X.csv: Contains the molecular marker (Single nucleotide polymorphisms) information for the evaluated genotypes. Each column corresponds to the molecular marker coded as 0, 1 and 2.
- Genotype: The name of evaluated genotypes.
Y.csv: Containts the phenotypic information of genotypes evaluated across environments.
- year: The year which phenotypic data was collected.
- location: The location where phenotypic data was collected.
- environ: The combination of year x location.
- strain: The name of the genotype that was evaluated.
- yield: The grain yield in kg per hectare.
env.cov.csv: Contains the raw environmental covariates data before different strategies for summarization.
- YearFilt: The year in which the weather data were collected.
- ENV: The name of the environment (combination of location × year).
- YEAR: The year in which the weather data were collected.
- MM: The month in which the weather data were collected.
- DD: The day on which the weather data were collected.
- DOY: The day of the year corresponding to the weather data.
- YYYYMMDD: The complete date corresponding to the weather data.
- T2M_MAX: The daily maximum temperature at 2 meters in graus Celsius.
- T2M_MIN: The daily minimum temperature at 2 meters in graus Celsius.
- RH2M: The ratio of actual partial pressure of water vapor to the partial pressure at saturation in percent.
- T2M: The average air temperature at 2 meters above the surface of the earth in graus Celsius.
- PRECTOTCORR: The total precipitation at the surface of the earth in water mass in milimeters.
- WS2M: The average of wind speed at 2 meters above the surface of the earth in meters per second.
- QV2M: The ratio of the mass of water vapor to the total mass of air at 2 meters in percent.
pipeline
- 01.extracting_ec_data.R:
R codes for extracting environmental covariates of locations.
- 02.AdjustingW.R:
R codes for adjusting different strategies to summarise the environmental covariates informations.
- 03.DesignMatrices.R:
R codes for building design matrices for fitting genomic selection models.

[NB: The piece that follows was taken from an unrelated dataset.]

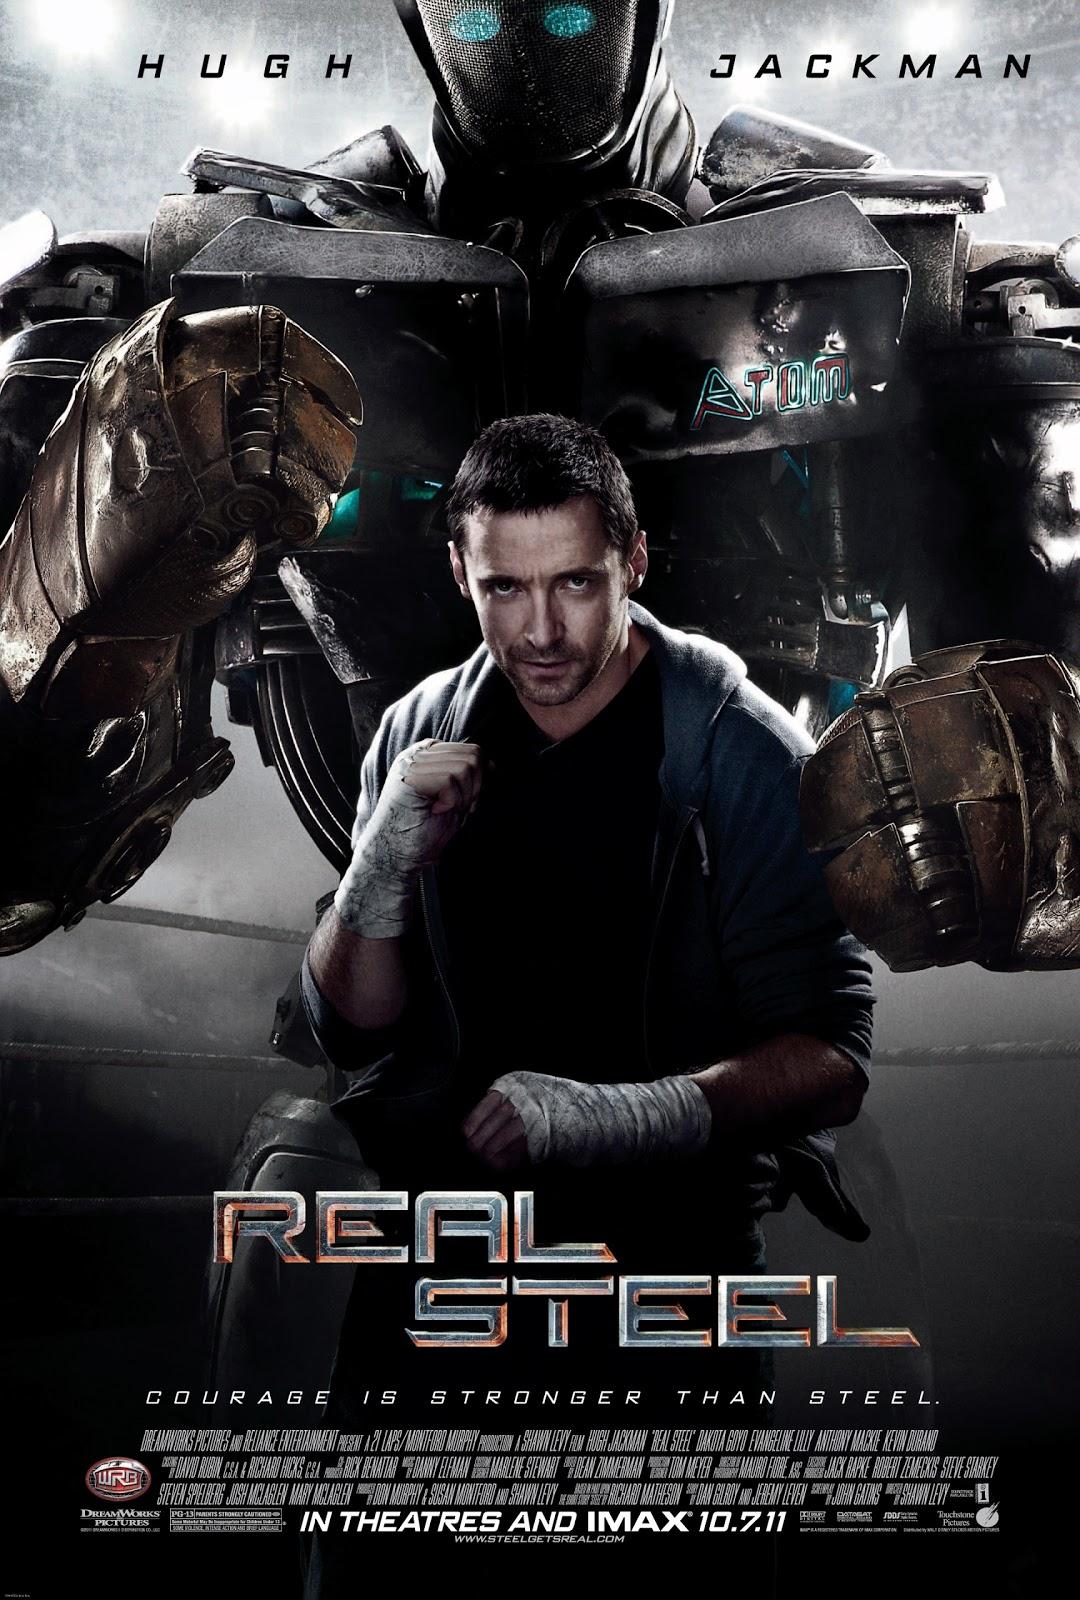 http://4.bp.blogspot.com/-_Gc9HGgXEw0/T_yUbfbldoI/AAAAAAAABX0/1GzUe3iCpTo/s1600/Real-Steel-Movie-Poster-Hugh-Jackman.jpg
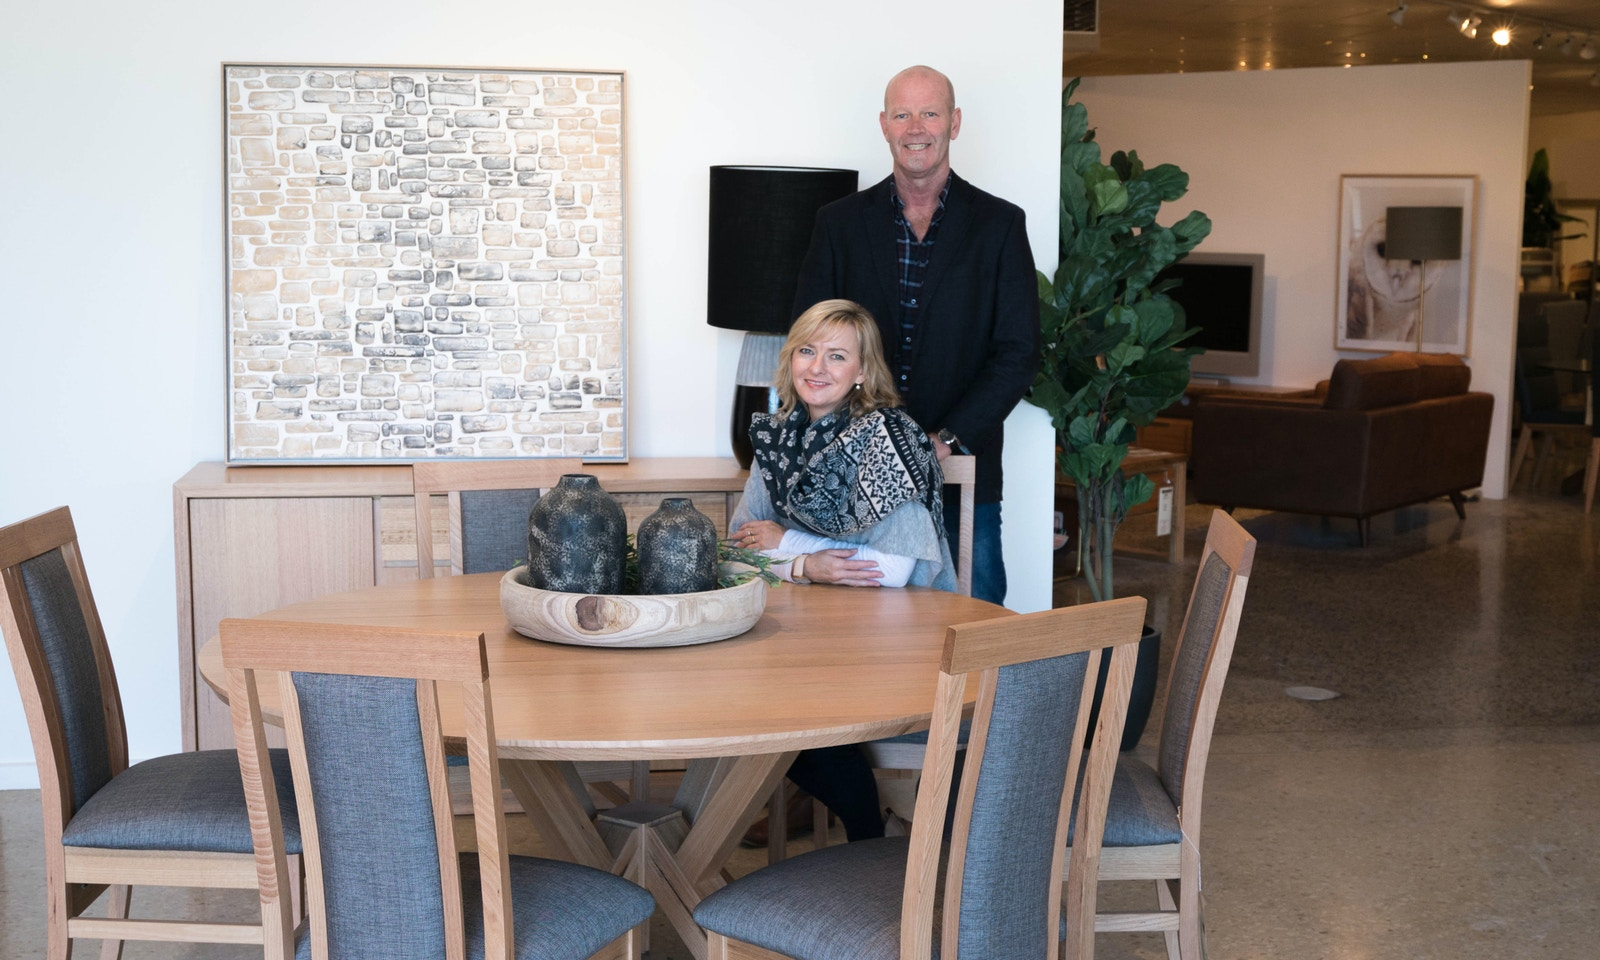 Meet the new Classic – Kimberly James

- 04.1.FittingFullDataModels.R:
R Codes for fitting data with full data for estimating variance components using different models.
- 04.FittingModelsParallel.R:
R codes for conducting cross-validation in parallel for faster running time.
- 05.VC.R:
R codes for extracting variance components from full data models.
- 3.1.AssigningCV.R:
R codes for assigning observations into folds for conducting cross-validation.
- .gitignore: file generated automatically when creating github folder. Not needed for running analyses.
- impact-ec.Rproj: file for openning R project.
Code/software
The materials uploaded in this file can be viewed through the softwares Microsoft Excel and the codes were written using the R Language. The original code can be accessed at: https://github.com/vsagae/impact-ec
Access information
Data was derived from the following sources:
- The dataset is a subset from SoyNAM (Soybean Nested Association Mapping) and was initially loaded using the R package "SoyNAM" (Xavier et al., 2022).